1.最大数
#include <iostream>
#include <cstdio>
#include <cstring>
#include <algorithm>
using namespace std;
typedef long long ll;
const int N = 200005;
int m,p;
struct Tree{
int l,r;
int v; //最大值属性.
}tr[N * 4];
void pushup(int u){
tr[u].v = max(tr[u<<1].v,tr[u<<1|1].v);
}
// 由于不更新属性值,所以不需要向上向下传递影响(push)
void build(int u,int l,int r){
tr[u] = {
l,r}; // ?
if(l==r){
// tr[u] = {l,r};
return;
}
int mid = (l + r) >> 1;
build(u<<1,l,mid);
build(u<<1|1,mid+1,r);
}
int query(int u,int l,int r){
//区间查询:从根节点开始查询区间的属性
if(l<=tr[u].l && tr[u].r<=r) return tr[u].v;
int v = 0;
int mid = (tr[u].l + tr[u].r) >> 1;
if(l<=mid) v = query(u<<1,l,r);
if(r>mid) v = max(v,query(u<<1|1,l,r));
// pushup(u);
return v;
}
void motify(int u,int x,int val){
// 单点修改:从根节点开始查询到x,修改其属性为val;后进行pushup操作(向上传递影响)

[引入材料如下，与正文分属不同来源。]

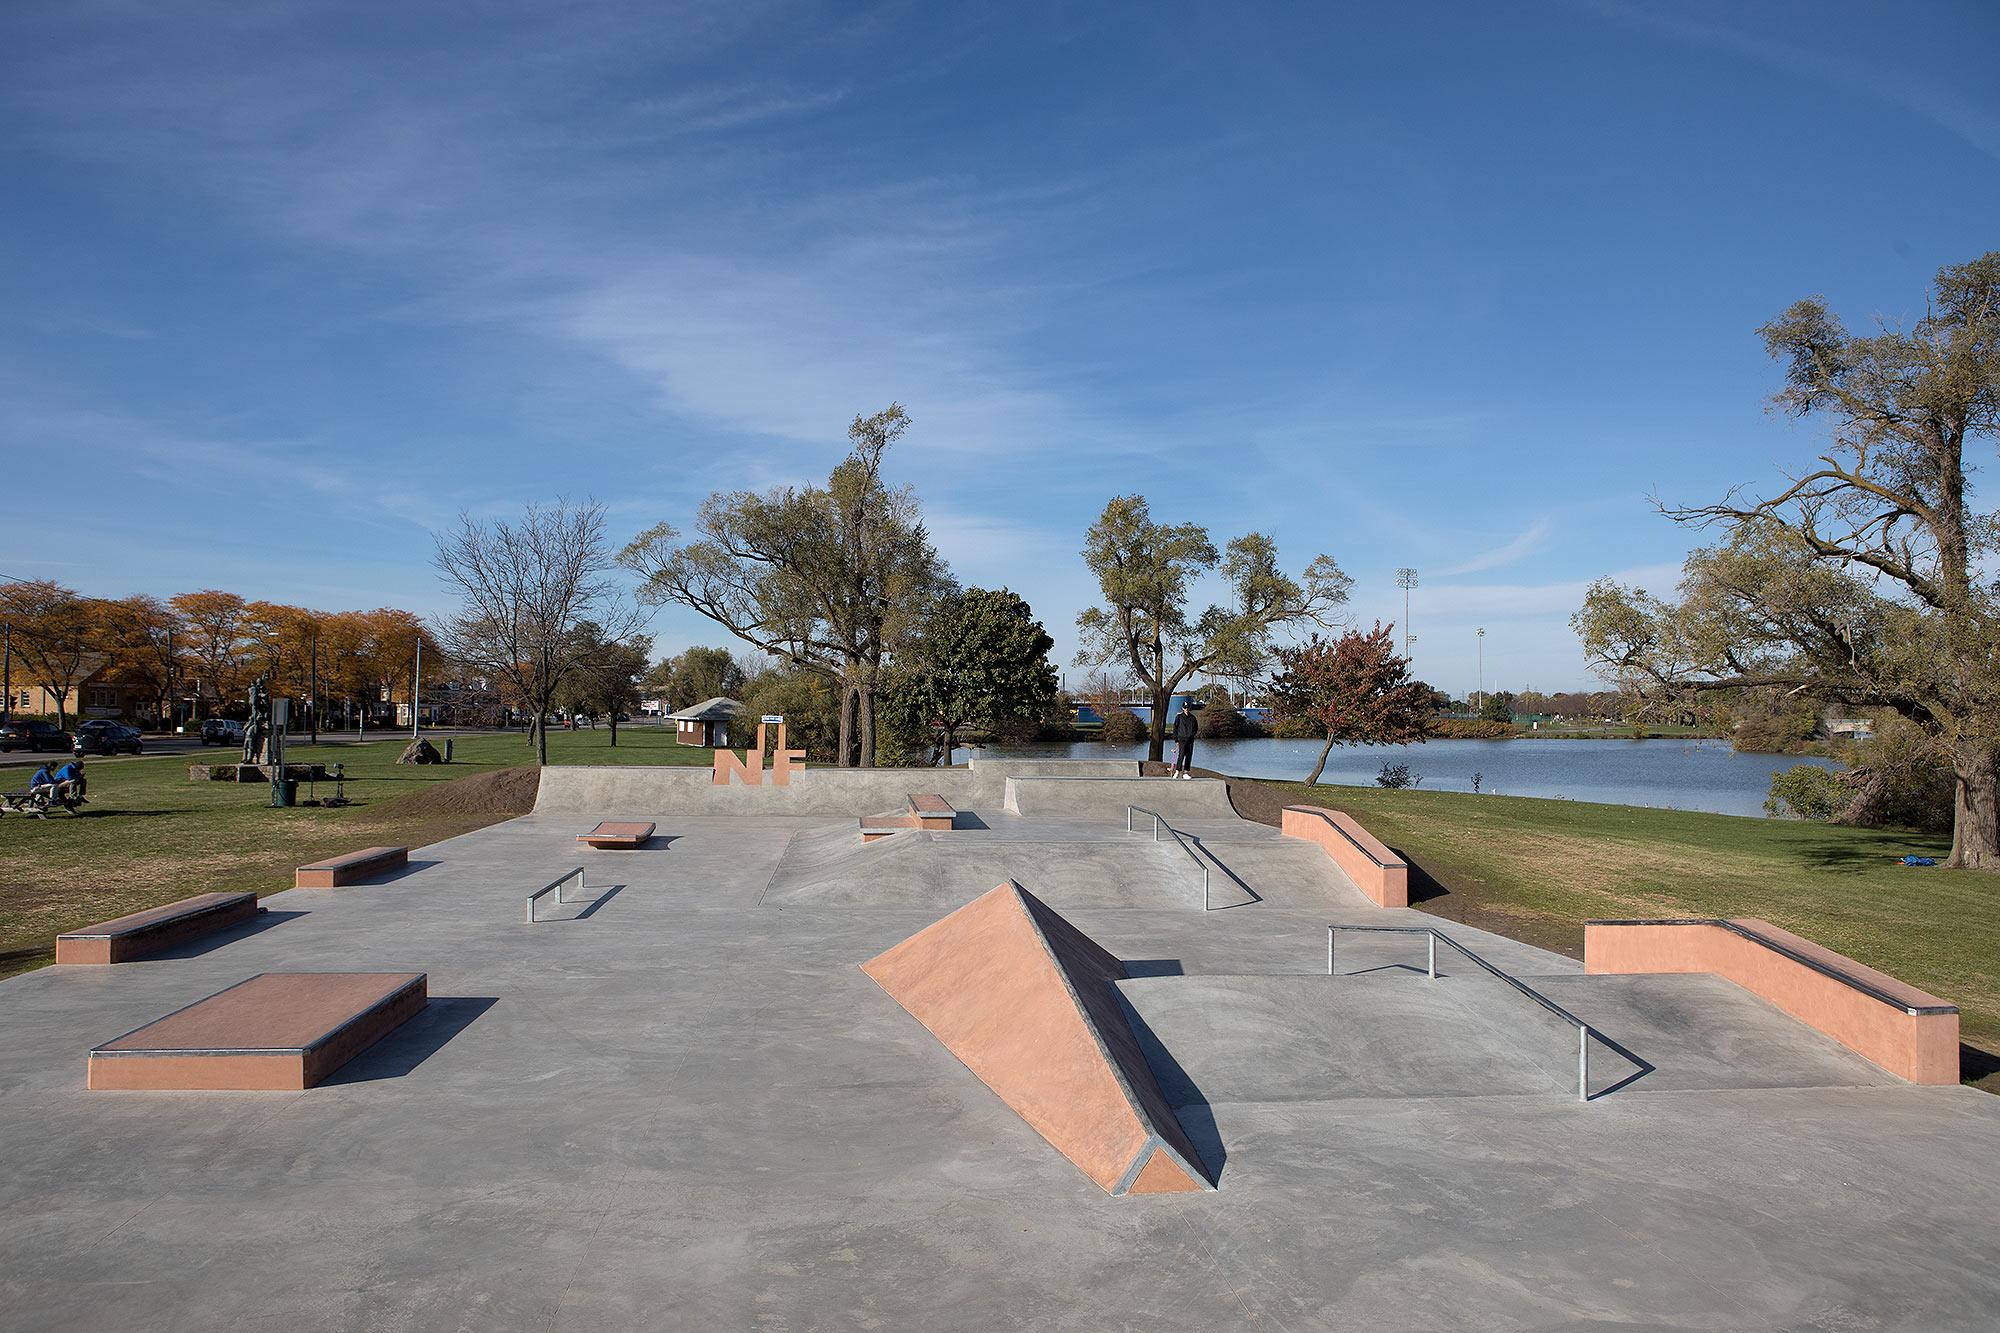 Niagara Falls Skate Park

if(tr[u].l==x && tr[u].r==x){
tr[u].v = val;
return;
}
int mid = (tr[u].l + tr[u].r) >> 1;
if(x<=mid){
motify(u<<1,x,val);
}else{
motify(u<<1|1,x,val);
}
pushup(u);
}
int main()
{
scanf("%d%d",&m,&p);
build(1,1,m);
char s[2];
int x;
int n = 0;
int last = 0;
while(m--){
scanf("%s%d",s,&x);
if(*s=='Q'){
last = query(1,n-x+1,n);
printf("%d\n",last);
}else{
motify(1,n+1,((ll)last+x)%p);
n++;
}
}
return 0;
}
- 单点修改,区间查询
线段树存储差分数组.
某一区间上的最大子段和分为三种情况:(取max)
1.左子区间上的最大子段和.
2.右子区间上的最大子段和.
3.横跨两个区间的最大子段和(左子区间上的右连续最大子段和+右子区间上的左连续最大子段和).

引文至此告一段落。